Раскисшие пельмени в сетке хлопали меня по ногам. Раскисший мартовский снег хлюпал под ногами. Если бы мы были вдвоем с Галкой или ребята были без нас, то какой-то разговор получился бы. А так, молча, пряча друг от друга глаза, мы отправились, на ночь глядя, пешком из центра в свою промзону. Шли часа два. Наверное, надо было тупо следовать вдоль автобусного маршрута мимо вокзала, и мы бы за час-полтора добрались. Но кто-то из ребят всезнайски заявил, что знает короткую дорогу через спиртзавод. Конечно, мы заблудились, попали в незнакомый овраг, полный мокрого снега, – только этот снег и светил нам в наступившей глубокой тьме – кое-как из него вылезали, проваливаясь по колено. И только все эти мелкие неприятности, будничные перипетии как-то облегчили груз впечатлений. Подходя к дому, мы уже обменивались малозначительными репликами. Однако расстались на пороге общежития почти сухо. Мы пошли к себе, а они потопали на второй этаж. Хотя перед сеансом обсуждали, как будем варить и есть пельмени. Конечно, мы их все равно с Галкой съели на следующий день, когда они за ночь подмерзли за окном. Разрезали ножом ком теста, смешавшегося с фаршем, сварили и съели.
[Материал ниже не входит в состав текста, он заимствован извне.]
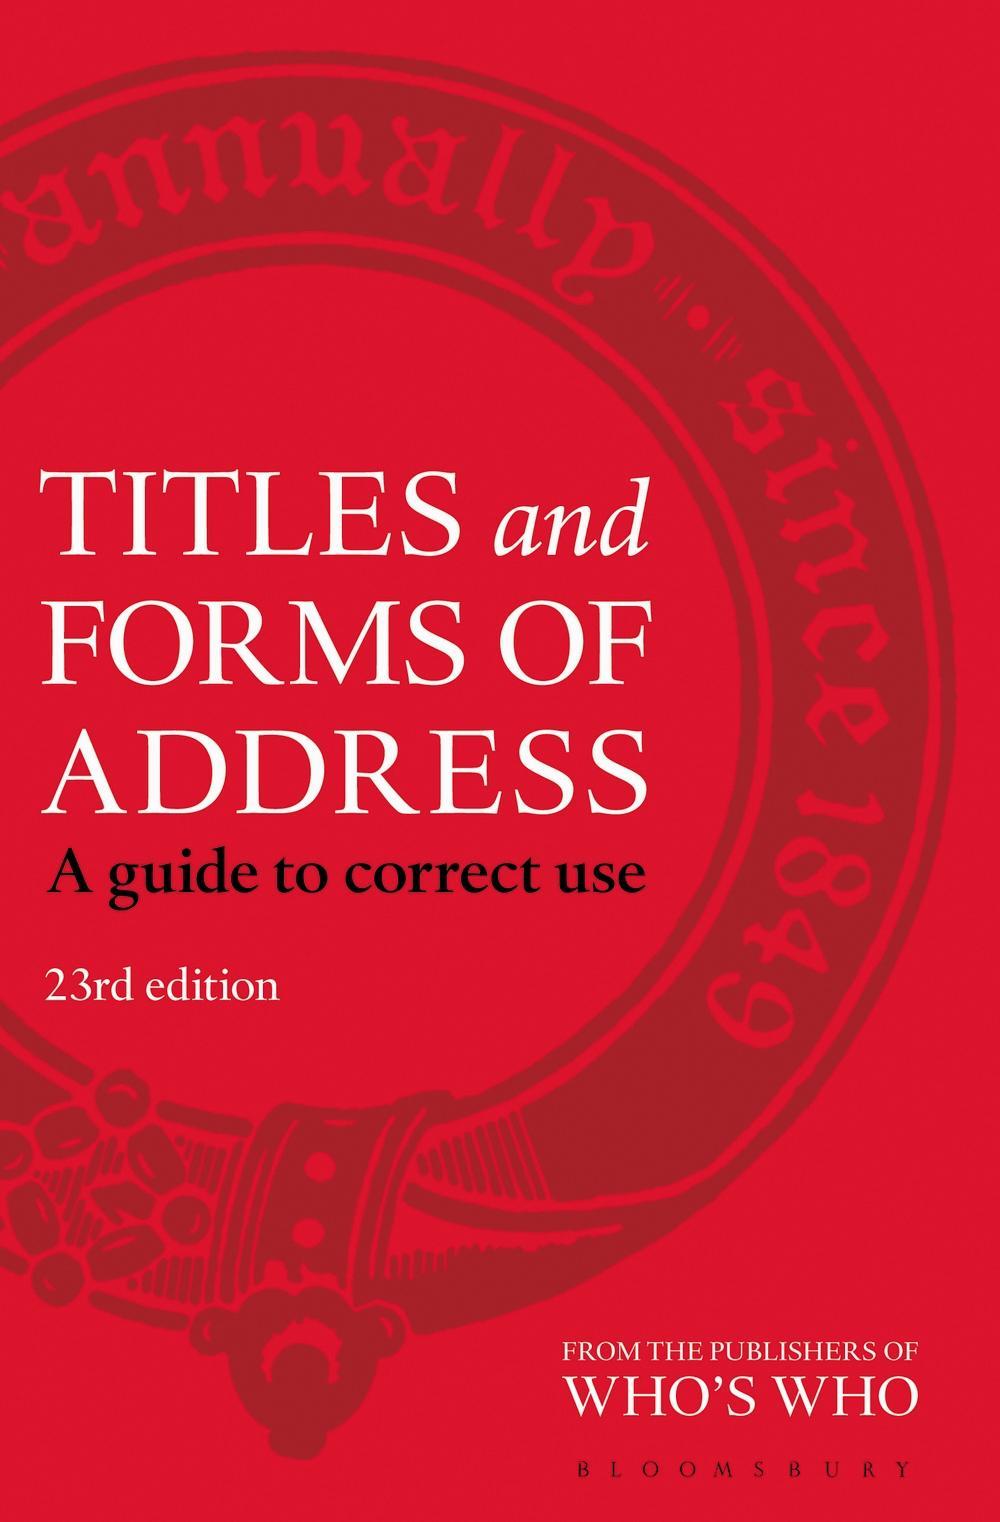 Titles and Forms of Address

Зачем я вообще рассказываю эту историю? Почему я о ней вспомнила? Чтобы еще раз убедиться, из каких мелочей состоит жизнь? И догадаться, как из этих мелочей вырастает что-то важное? Тому в подтверждение еще один эпизод бийской хроники.
Месяца через полтора после фильма с Сильваной Пампанини наступили майские праздники. Нет, не наступили – приблизились. И я почему-то твердо решила, что проведу их в Новосибирске у своих ростовских друзей. Они тоже приехали в Сибирь по распределению в прошлом году. Мы переписывались, звали друг друга в гости… Нет! Не в тоске по старым приятелям было дело. Меня что-то томило; какая-то смесь полноты жизни и ее спутанности. Большой поток событий и поступков – и в то же время их бессмысленность, неправильность. Мне только что исполнилось двадцать три года, я была катастрофически влюблена в Виталия, мое сердце падало (я это физически ощущала), когда я подходила к дверям тринадцатой. Я писала по ночам стихи:
Песок, песок. Мой новый дом,
Луна над ним. И милый в доме.
Мы в разных этажах живем,
Да и вообще едва знакомы.
Все кончилось, еще не начинавшись.
Ушла луна, и милый стал чужим.
Один песок остался, дом остался –
И ни единой звездочки над ним.
* * *
А снег лежал, все ждал тебя…
Вот он придет, ей в двери стукнет…
Пойдут, куда глаза глядят,
Как ей мечталось в институте.
Но ты не шел, не звал, не знал,
Забыл, что рядом есть такая…
Снег ожидать тебя устал,
Подумал – и растаял…
И в то же время я догадывалась, что это еще не жизнь, а предисловие к жизни, не опера, а увертюра, не любовь, а, как говорила моя бабушка, желание любить. И мне хотелось отстраниться от этой путаницы, отдохнуть от своих мнимых обид и необоснованной ревности, на которую я, впрочем, и права не имела. Да просто взглянуть на Новосибирск – каков он? И я заявила во всеуслышанье, что на май уезжаю. Компания отнеслась к этому вполне спокойно: свобода мнений и действий – вот был наш девиз. Рогов вручил мне презент для его киевской подруги, которая как раз на май выходила в Новосибирске замуж. Граф наказал привезти пару бутылок нормальной водки. Галка сказала, что все равно собирается к матери в Белокуриху. Арон просил заглянуть в новосибирский Когиз – а вдруг там окажется его любимый Зощенко? Ваське нужны были струны для гитары. Леня, кажется, просто пожелал хорошо провести время. Короче, никто не придал ни малейшего значения моему отъезду.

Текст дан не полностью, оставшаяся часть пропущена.